Uno dei minuti più lunghi nella storia della Chiesa. Per un minuto il Papa è stato in raccoglimento nella Moschea Blu, che trasformata in museo la moschea, che già fu chiesa, di Santa Sofia, dove Benedetto XVI non ha potuto recarsi che da turista rappresenta la memoria storica del califfato turco, simbolo di unità dell’intero mondo musulmano sunnita fino alla sua abolizione da parte del presidente laico Kemal Atatürk nel 1924. Il Papa si è rivolto ai musulmani chiedendo di cercare insieme a lui “i modi e le strade della pace”. Non si tratta di una retorica di circostanza. Tutti i discorsi di Benedetto XVI in Turchia sono legati da un filo rosso: la libertà è la condizione indispensabile per la pace. Senza libertà, l’unica pace che un regime può offrire è la pace dei cimiteri.

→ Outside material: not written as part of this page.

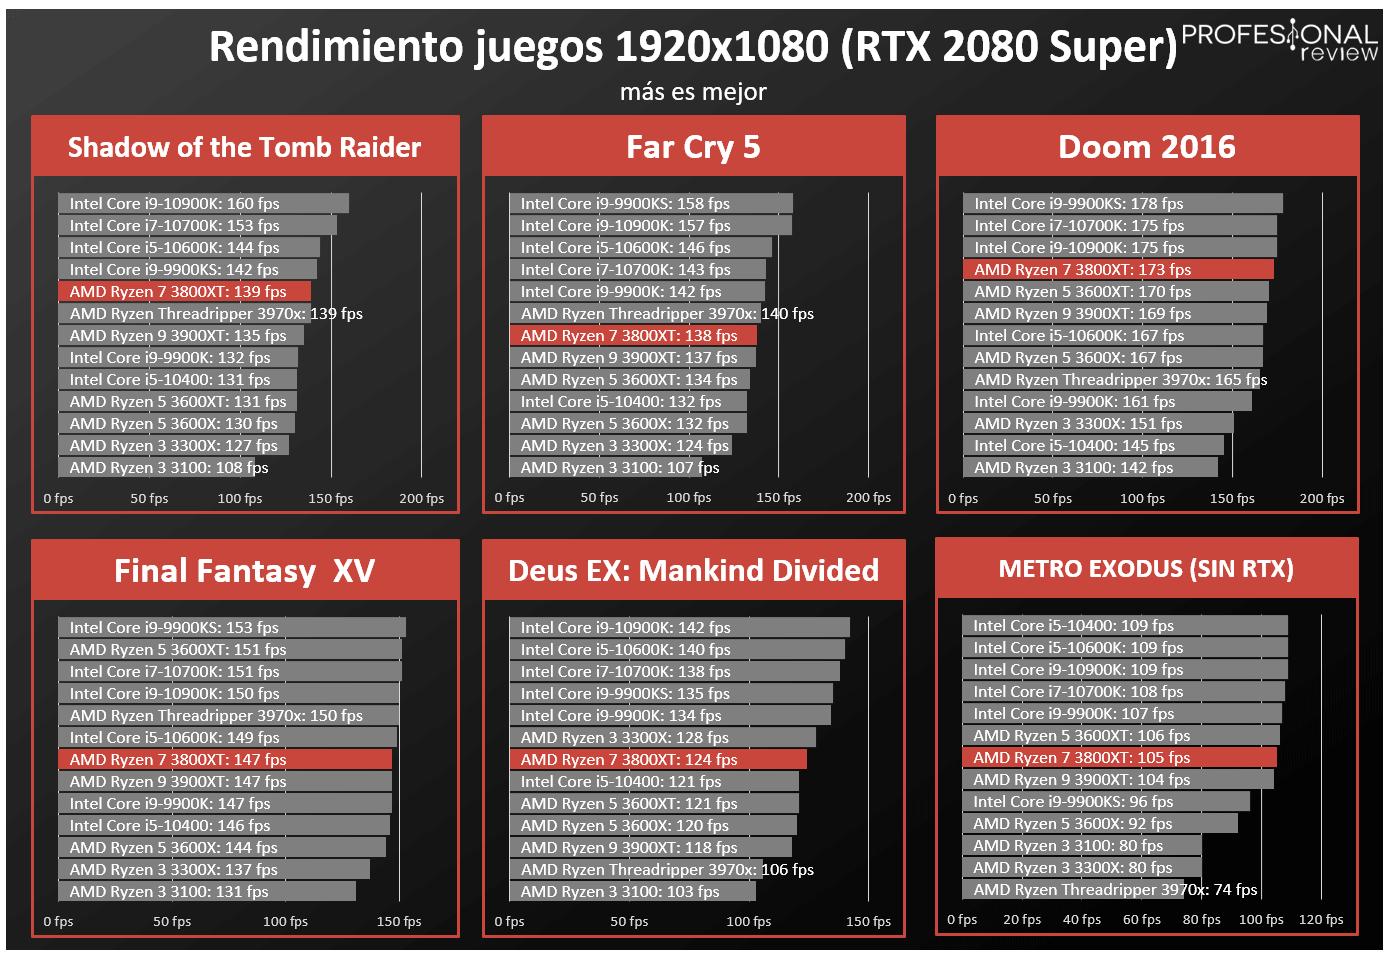 AMD Ryzen 7 3800XT FPS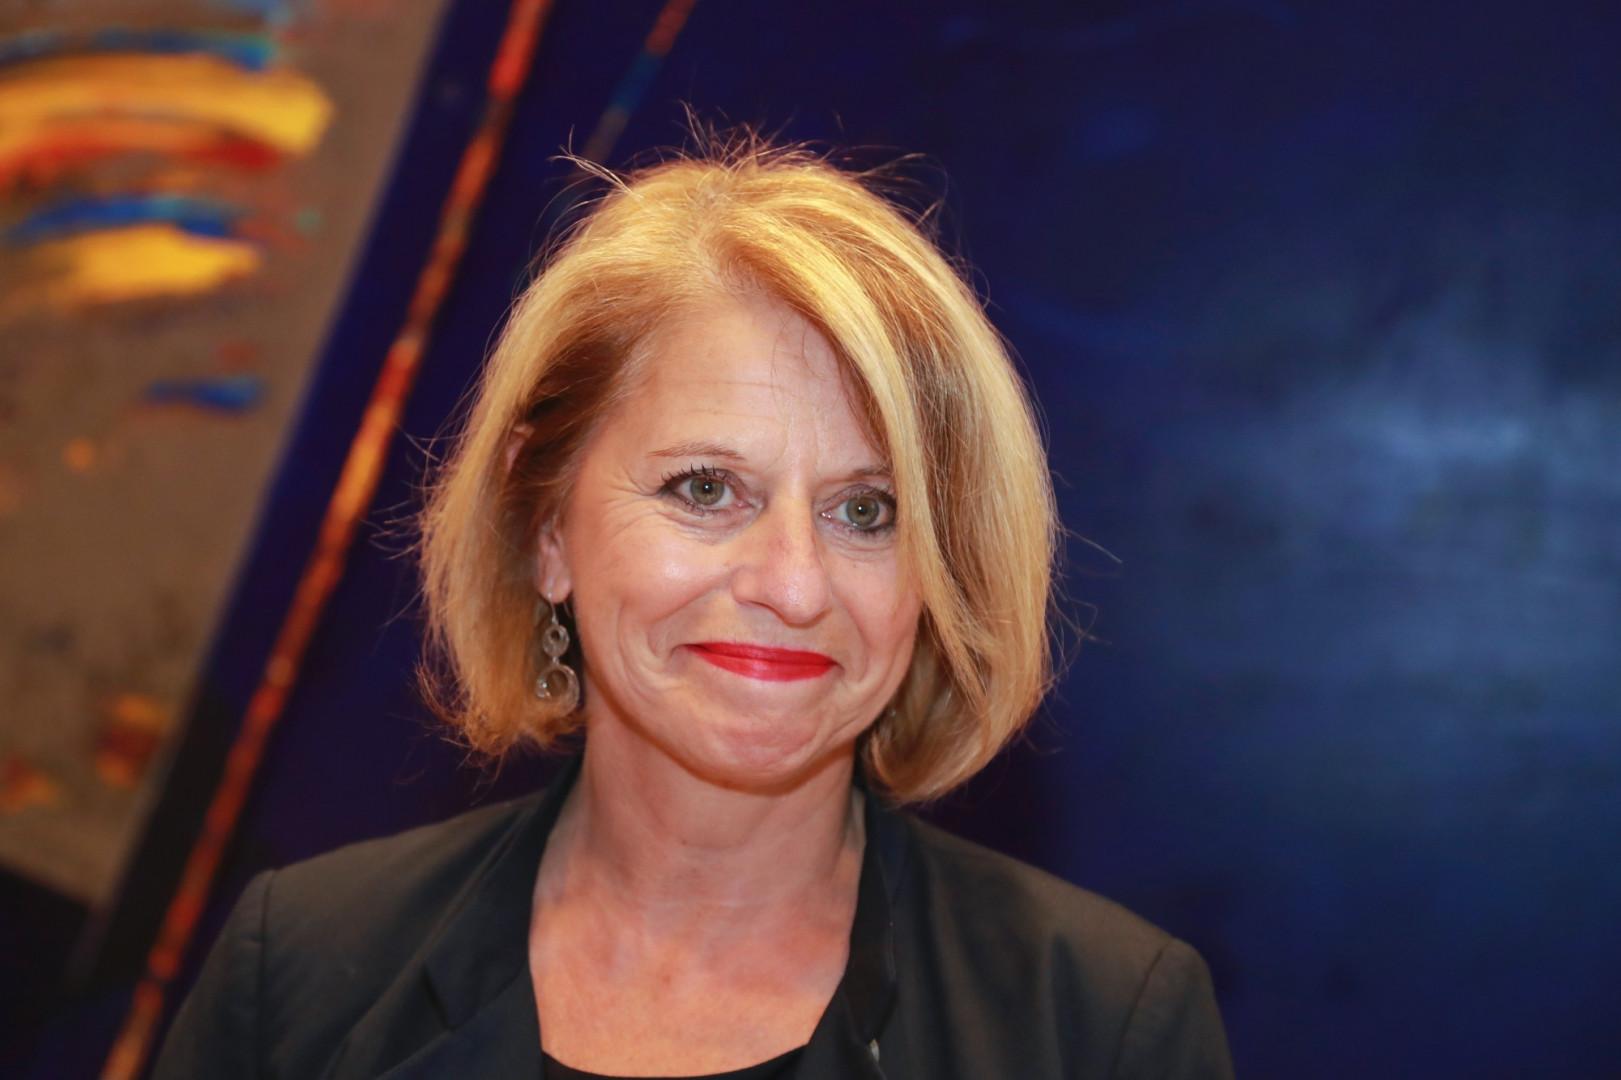 La députée Brigitte Bourguignon a été nommée ministre déléguée chargée de l'Autonomie

Pace significa anzitutto libertà dal terrorismo. Qualche ora prima di visitare la Moschea Blu il Papa ha ricordato che “uccidere degli innocenti in nome di Dio è un'offesa verso di Lui e verso la dignità umana”. Ma pace significa anche riconoscere la libertà religiosa di tutti. Il Papa è pronto ad aprirsi al dialogo con l’islam, ma non con tutto l’islam, e non senza condizioni. Non ci sono diritti per chi non prende apertamente le distanze dalla violenza e dal terrorismo, né questo islam violento potrebbe chiedere comprensione in nome di una presunta libertà di religione. E, mentre chiede rispetto in Occidente, l’islam deve aprirsi alla libertà dei cristiani nelle terre, come la Turchia, dove è maggioritario. La libertà delle minoranze cristiane è il test che misura, per ciascun Paese islamico, se pace e dialogo sono soltanto belle parole che corrispondono a manovre tattiche, o se invece si tratta davvero di modi di essere e di strade che i musulmani sono disposti a percorrere insieme con chi vede il mondo con occhi diversi da quelli del Corano. Legare ogni possibile dialogo con l’islam alla richiesta forte di libertà religiosa è il cuore del messaggio profetico del Papa in Turchia.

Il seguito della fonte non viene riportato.